Hello everyone
I am new to AI but i run my own home server and have some experience with running services locally but still basic.
I found this model, it looks awesome for what i want which is to digitize recipe books. I tried it out in “spaces” and its incredibly powerful and accurate.
I have so many questions
-
How do you go about finding the best models?
-
Is there a gui similar to the spaces edition in the self hosted version?
-
I have a 3060 ti, is it ok?
-
I have a service running called mealie where you can import recipes via an OpenAI API, is there a way i can use a local ai for this or does it have to be done through open ai?
-
What is a GPT? Is it like a specified AI that does a certain task? is it the same as an agent?
-
What else can i do with AI? This is new to me and after browsing hugging face im excited by the possibilities
Thank you for reading
1 Like
Hi.
1
You may come across them by chance on Hugging Face, social media, or Discord. If you are looking for a specific model for a particular purpose, use a search engine with queries such as “VLM (or any model type) OCR (or any purpose) Hugging Face” or “VLM OCR GitHub.” or so. You can also enable web search for Gemini or ChatGPT and ask them.

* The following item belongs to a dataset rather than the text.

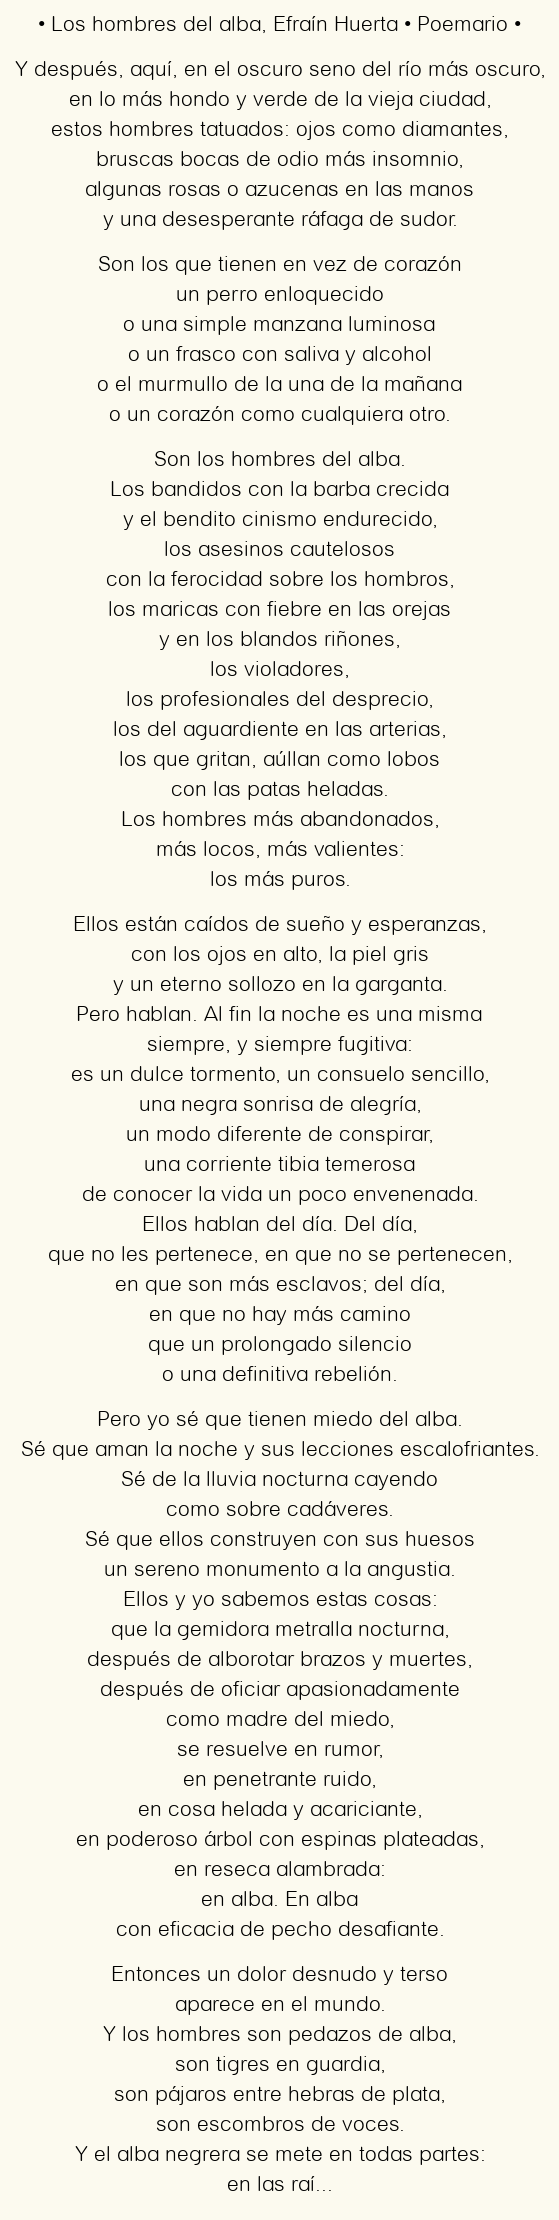 Imagen con el poema Los hombres del alba, por Efraín Huerta

You can also search for Spaces
directly, but it is more convenient to use benchmark rankings called leaderboards.
If you know the model’s name, searching from the Hugging Face model page is straightforward.

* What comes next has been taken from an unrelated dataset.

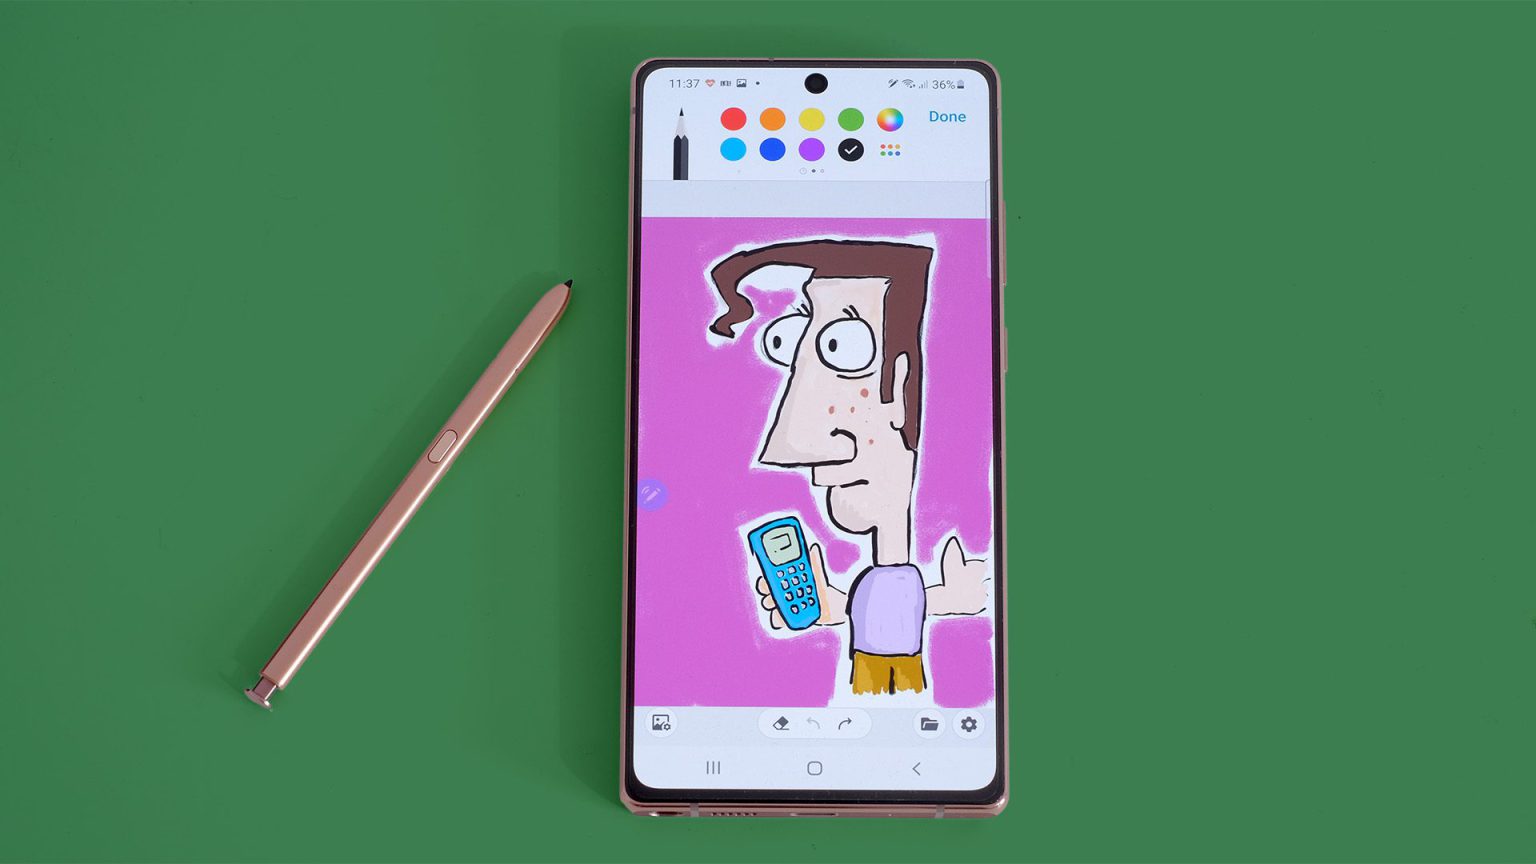 Penup, la app para dibujar de Samsung, añade novedades interesantes como las capas para poder hacer creaciones más complejas.

You can also ask directly on Hugging Face Discord or Hugging Face support.
2
Basically we can use as is.
3
It’s the same GPU as mine. The OCR model used in that space is around 3B parameters to 8B parameters in size. app.py · prithivMLmods/Multimodal-OCR at main
With quantization (think of it as compression), they all work. 3B is no problem. Without quantization, it’s a bit tough, but it still works. It is possible to supplement VRAM with RAM.It will be slower, though…
You might need to add a few lines of code for quantization. Since all the code in that Spaces project is readable, I think it should be manageable with some modifications.
4
OpenAI-compatible endpoints such as Ollama, vLLM, and TGI seem to be usable with that service. You should also be able to use models hosted on your own PC. I haven’t tried it myself, though…
5
by ChatGPT:
A GPT (Generative Pre-trained Transformer) is a large language model—a neural network trained on massive text data—that can generate and understand human-like text across many tasks by predicting the next word in a sequence.
An agent, by contrast, is a system that uses models like GPT plus additional components (planning, tool-calling, memory) to act autonomously in an environment—GPT does the “thinking,” while an agent wraps that thinking into goal-directed behavior
6
Try Spaces further and maybe HF Learn, HF Discord, or massive resources online.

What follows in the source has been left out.